**Prompt:** Pictures within the data are to be left out; everything else must be reproduced exactly.

**Given material:**
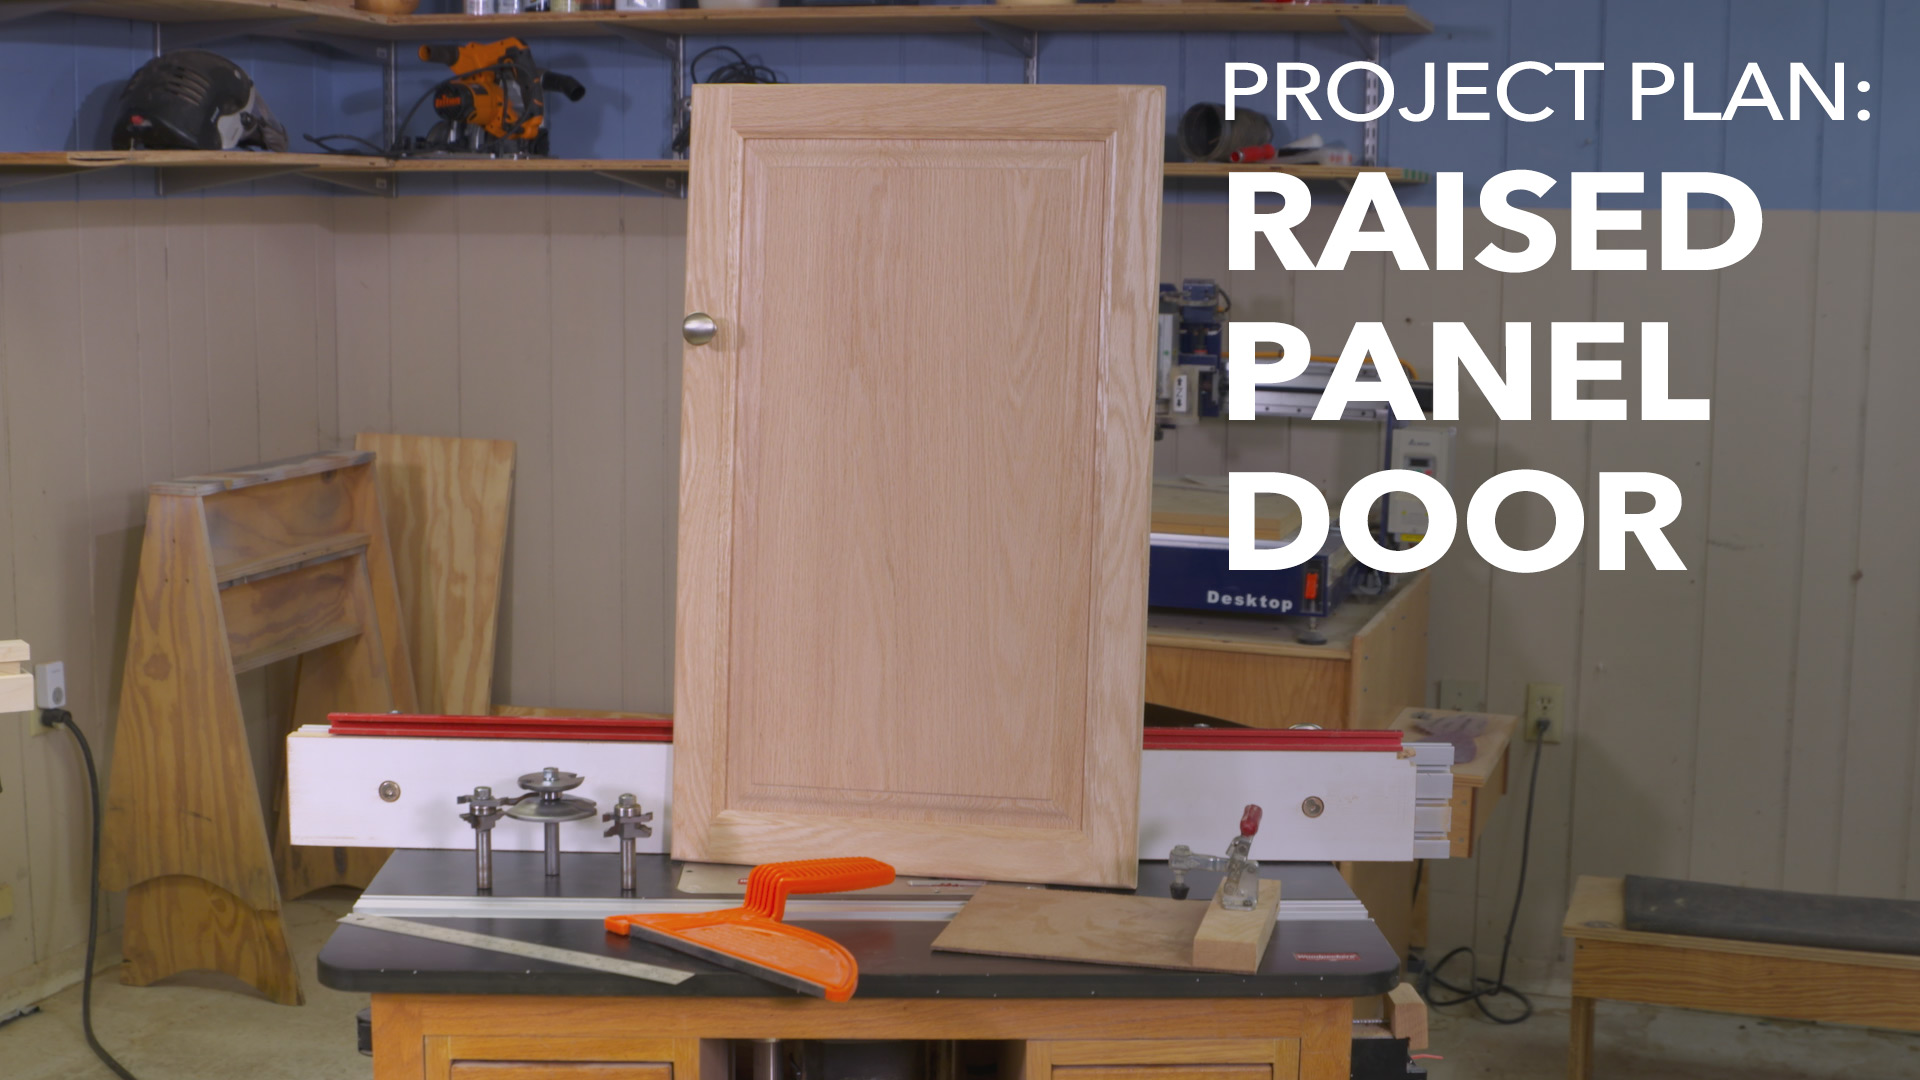 Raised panel door
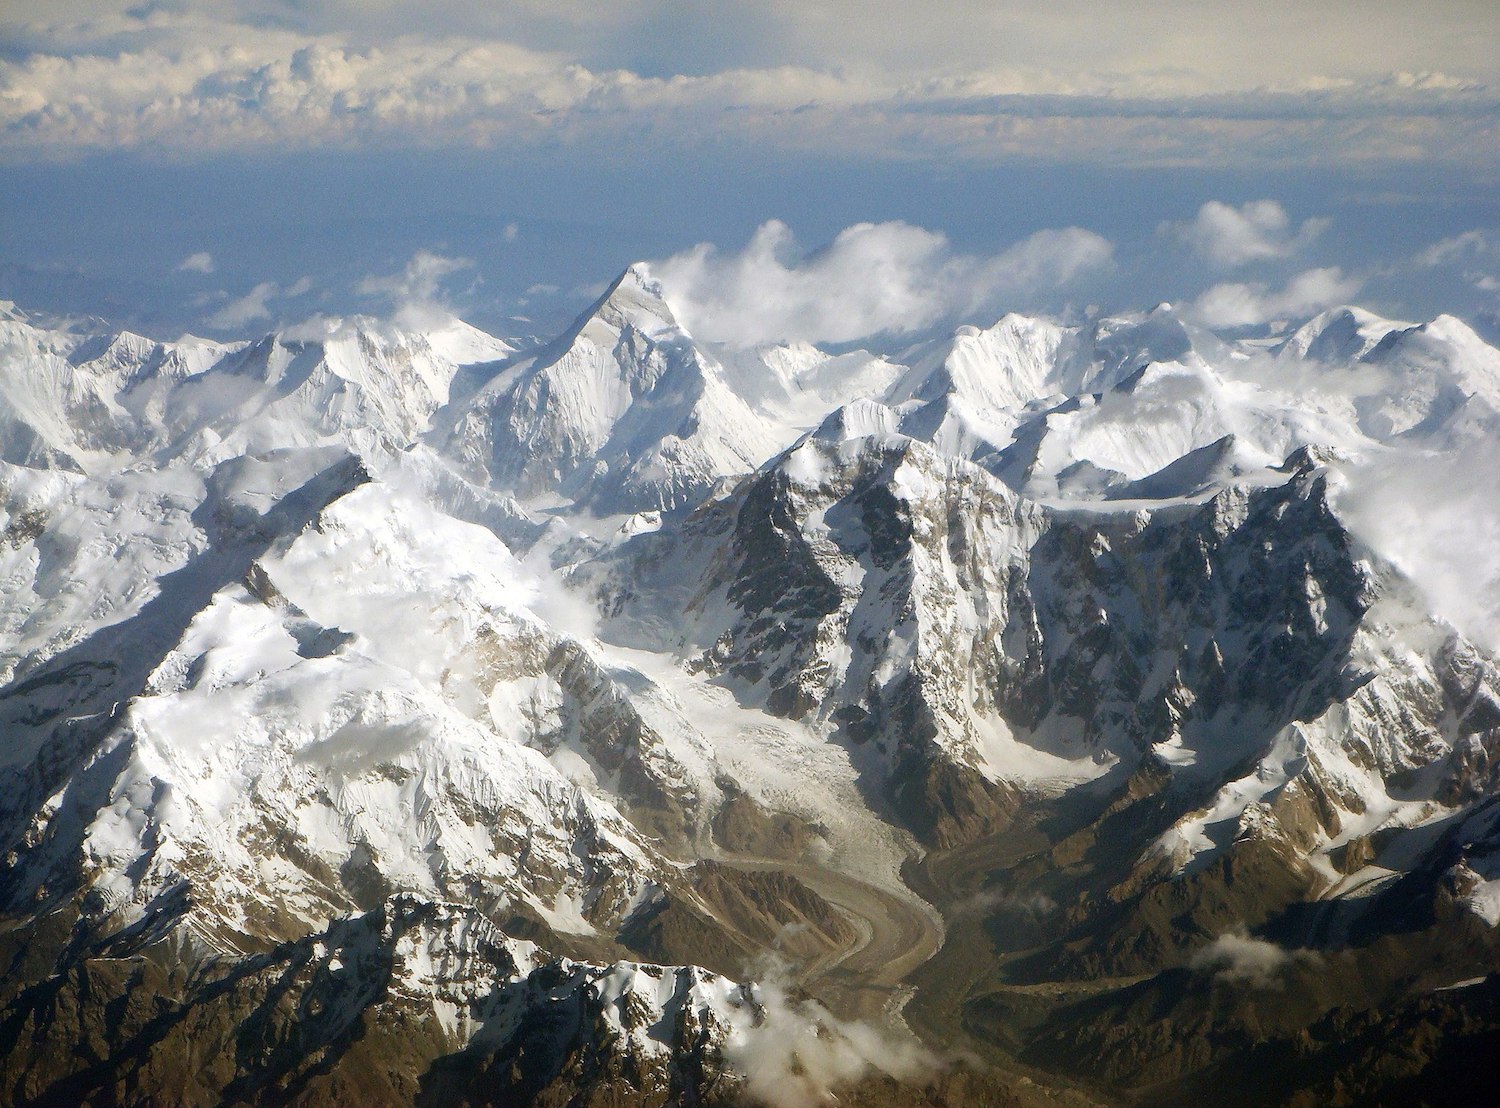 Tian Shen mountan range. Image: Chen Zhao under a CC licence
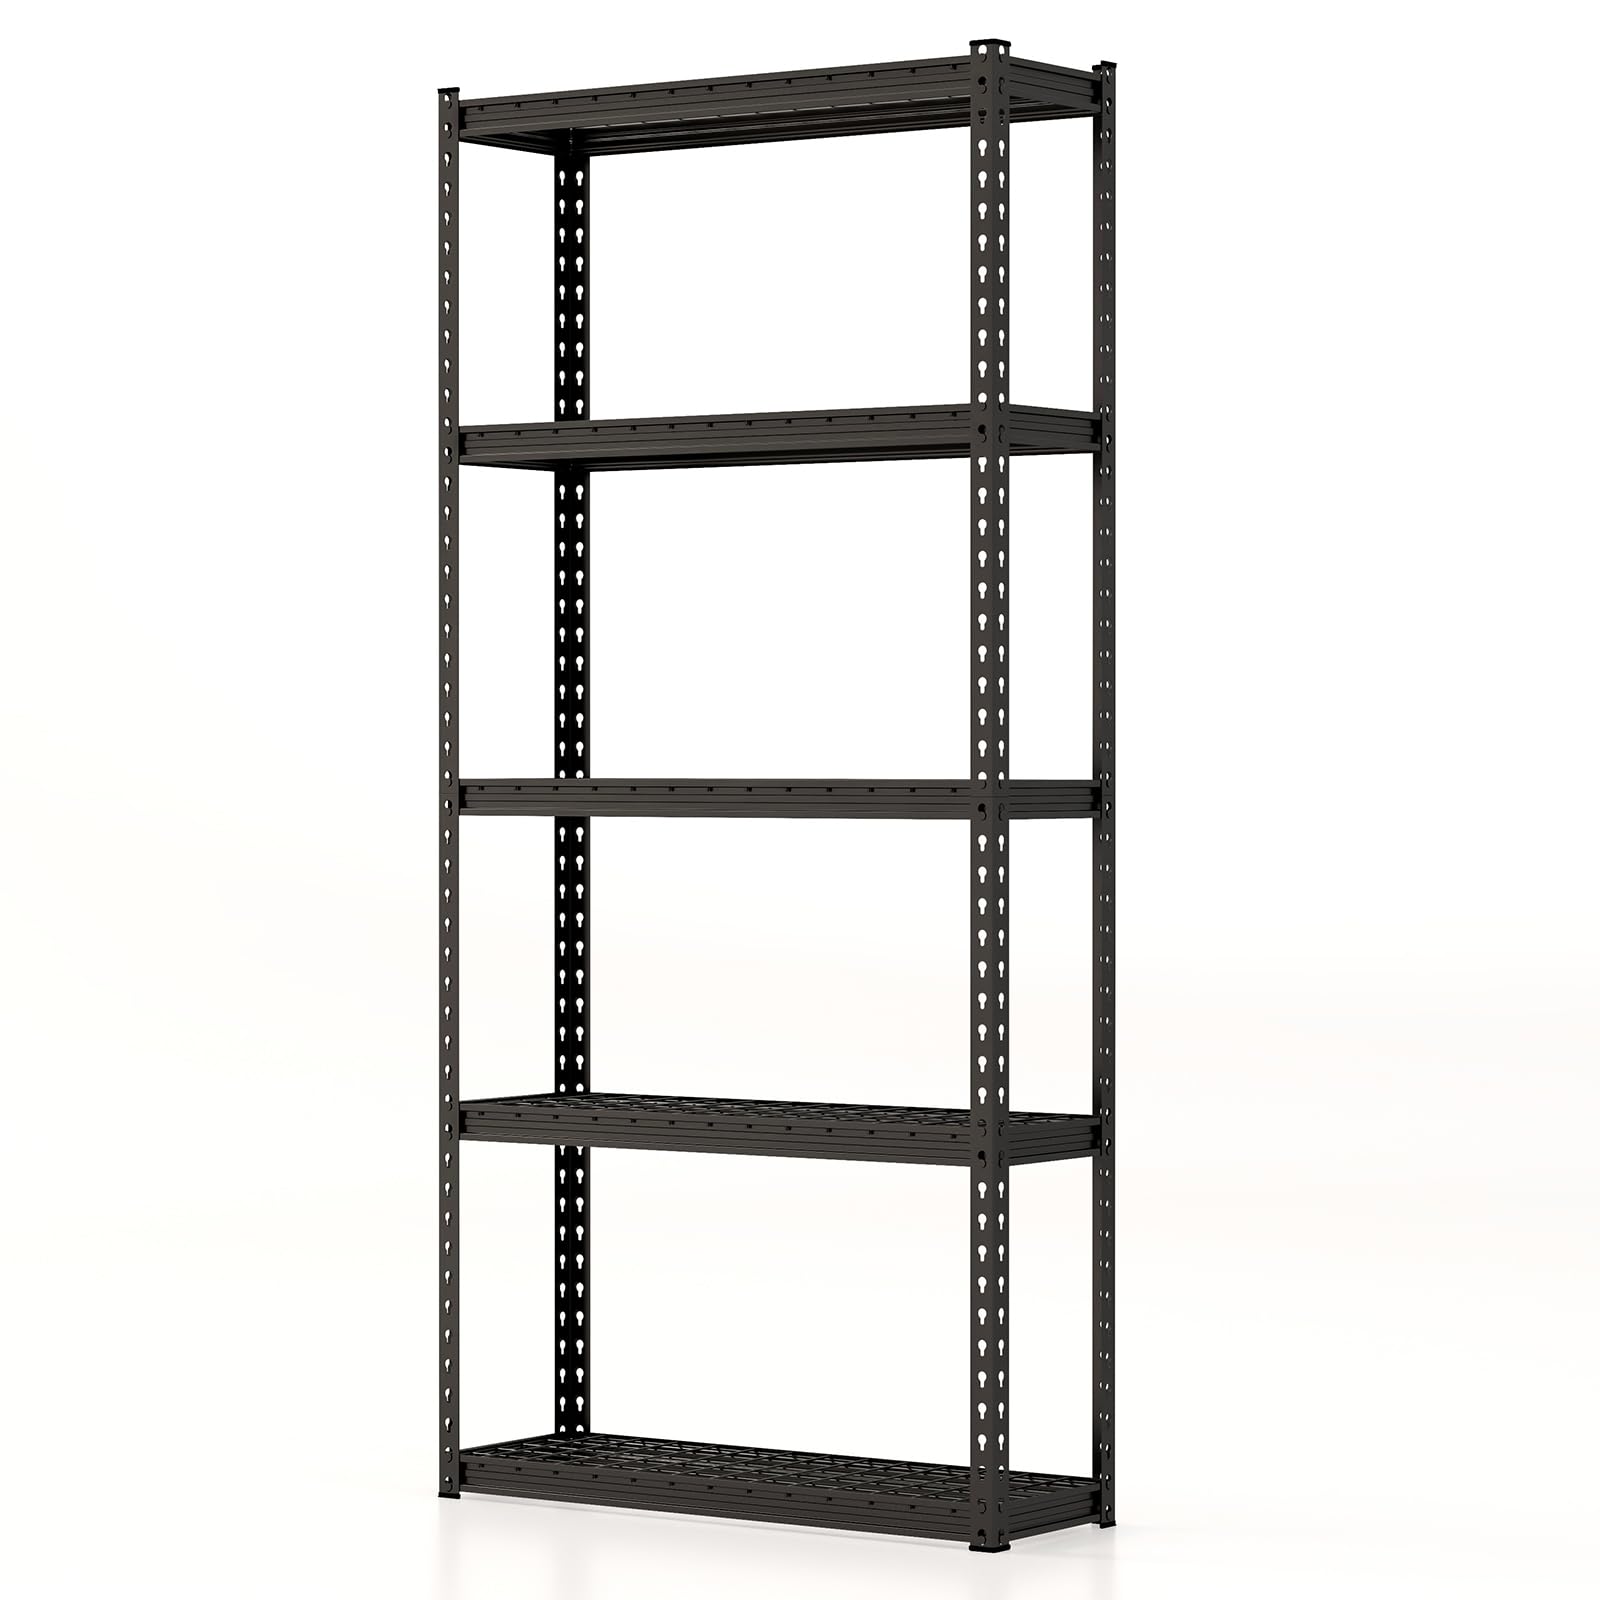 Giantex 5-Tier Storage Shelves, 35.5" x 15.5" x 72" Utility Rack Shelf

**Answer box:**
 Raised panel door
 Tian Shen mountan range. Image: Chen Zhao under a CC licence
 Giantex 5-Tier Storage Shelves, 35.5" x 15.5" x 72" Utility Rack Shelf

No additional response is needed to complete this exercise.